Multiple Neurotrophic Factors from Skeletal Muscle: Demonstration of Effects of Basic Fibroblast Growth Factor and Comparisons with the 22‐Kilodalton Choline Acetyltransferase Development Factor

Abstract
Extracts of skeletal muscle contain chromatographically distinct molecules that enhance the cholinergic development of cultured embryonic rat spinal cord neurons. We have recently purified a 20-22 kilodalton anionic polypeptide choline acetyltransferase (ChAT) development factor (CDF) from rat skeletal muscle extracts that stimulates the development of ChAT activity in rat spinal cord cultures. The maximum increase in the level of ChAT activity achieved by this factor, however, is less than that achieved by the addition of the crude extract. We now show that muscle extract also contains mitogenic activity that is immunolgoically related to basic fibroblast growth factor (bFGF) and also that recombinant bFGF stimulates ChAT development in rat spinal cord cultures, bfGF, however, differs from CDF in its physiochemical, chromatographic, and immunological properties and by its action on nonneuronal cells.
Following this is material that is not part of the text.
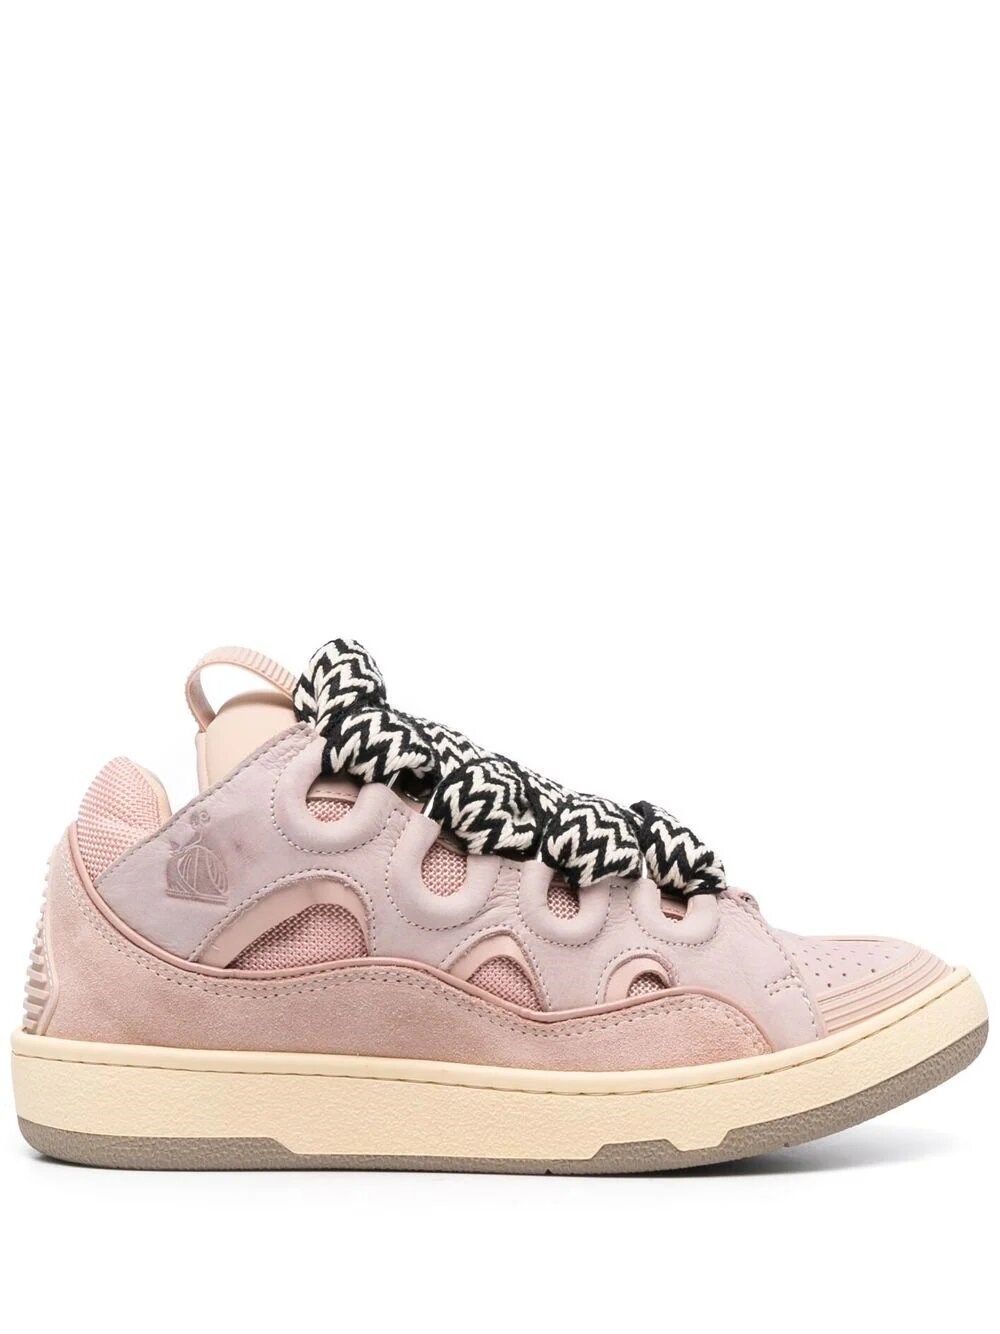 Lanvin Curb Light Sneakers In Pink

Individually, CDF and bFGF each enhance the level of ChAT activity in rat spinal cord cultures two- to threefold after 2 dyas of treatment. However, their combiend actions result in a five- to sixfold enhancement of ChAT activity, suggesting that they are affecting cholinergic development through different means. The demonstration that extracts of rat skeletal muscle contain two biochemically and immunologically distinct polypeptides, with additive effects on cultured embryonic spinal cord neurons, provides additional evidence for the involvement of multiple target-derived neutrotrophic factors in the regulation of cholinergic development.